I’m Richard Heffner, your host on THE OPEN MIND. By the time this program is seen, today’s guest on THE OPEN MIND will have been inaugurated as President of New York University. Now, this may seem strange to those who know his comment of just two years ago: “I’ve been asked more than once if I would be interested in serving as a university president. And my answer ahs always been, ‘No thanks. I am already in politics.’” But it does seem perfectly fitting and appropriate to all of us in the academic community who know that 11-term congressman John Brademas of the Third District of Indiana, and the Democratic Party’s enormously effective majority whip in the House of Representatives had always been on Capitol Hill the most energetic supporter of the arts, the humanities, and of the educational process itself. Defeated after 20 some years in Congress in a Ronald Reagan 1980 presidential sweep, John Brademas, who was known in Congress as “Mr. Arts and Mr. Education” now becomes the president of a major American university. Perhaps here he’ll become known as “Mr. Politics”.

Mr. Brademas, President Brademas, thank you for joining me here today on THE OPEN MIND. Thinking about how to begin our show, I thought that the shoe is on the other foot now and I wonder what changes will take place in your own basic thinking about the appropriate relationship between the government and the educational community.
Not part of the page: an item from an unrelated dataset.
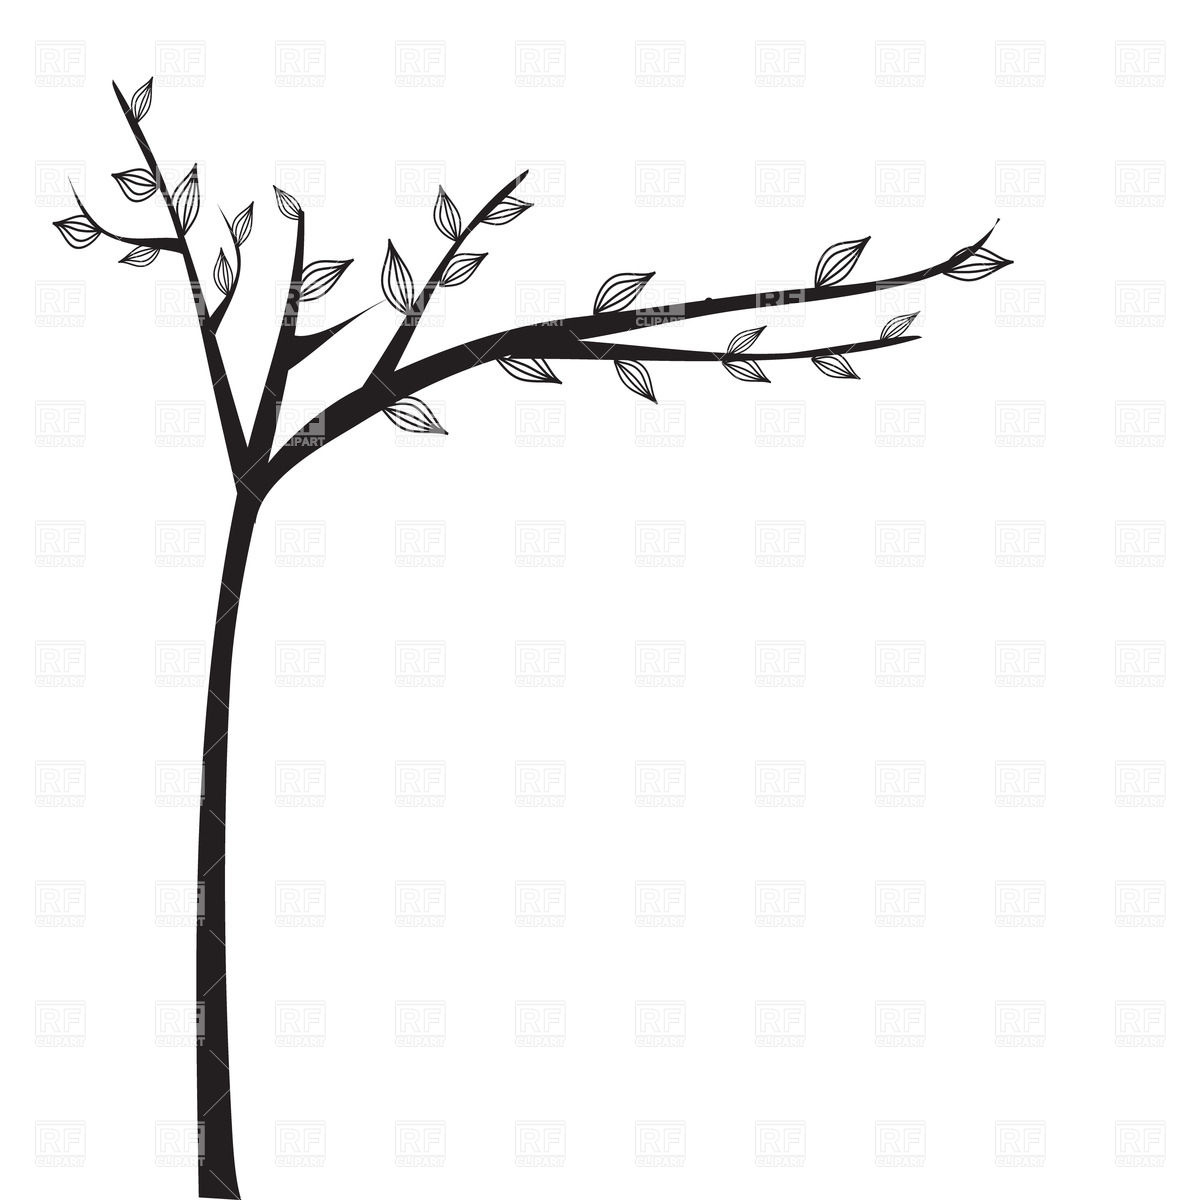 Abstract Black Tree Silhouette 23121 Download Royalty Free Vector

BRADEMAS: In the House of Representatives, as you know, Mr. Heffner, I was a vigorous champion of using federal funds to support education at every level, but particularly higher education. And I don’t see any reason in my new responsibility to change my views on that subject. I think there is no doubt that federal assistance, particularly for university and college students, which is a major way in which we provide federal help for higher education in the United States, is absolutely indispensable to the ability of millions of young people to get a college education, and in my judgment it’s crucial to the well-being of the nation’s economy, to our military posture, and to the kind of society we have.

HEFFNER: What about the question of who pays the piper calls the tune?

BRADEMAS: I think it’s significant that we’ve been able to provide tax monies for higher education in this country without some unwarranted intervention on the part of the federal government. The national government does not mandate what kinds of courses ought to be offered at colleges and universities in the country, and if you look carefully at the several statutes that provide for assistance you’ll find statutory prohibitions against unseen and unwarranted intervention. That doesn’t mean we shouldn’t always be on the lookout to be sure that the intent of Congress is not undone. But I think it’s been quite remarkable that we’ve been able to supply over the years literally billions of dollars to literally millions of students to pursue a higher education without some charge that Uncle Sam is trying to reach in and tell the nation’s universities how they ought to be run. I might say that there have been efforts made. In fact, I was a member of the Education and Labor Committee back in the period of the Sixties when we had so much unrest on campus, and then some of the same forces who are now warning against unwarranted intrusion by the national government on our college campuses were at that time trying to stick the long arm of Uncle Sam right into the campuses by mandating a cutoff of federal funds to all universities where there was any unrest on campus. That was a posture that was stoutly resisted by the universities of the country and we won that fight in a very close battle and kept Uncle Sam from sticking his nose in where it doesn’t belong.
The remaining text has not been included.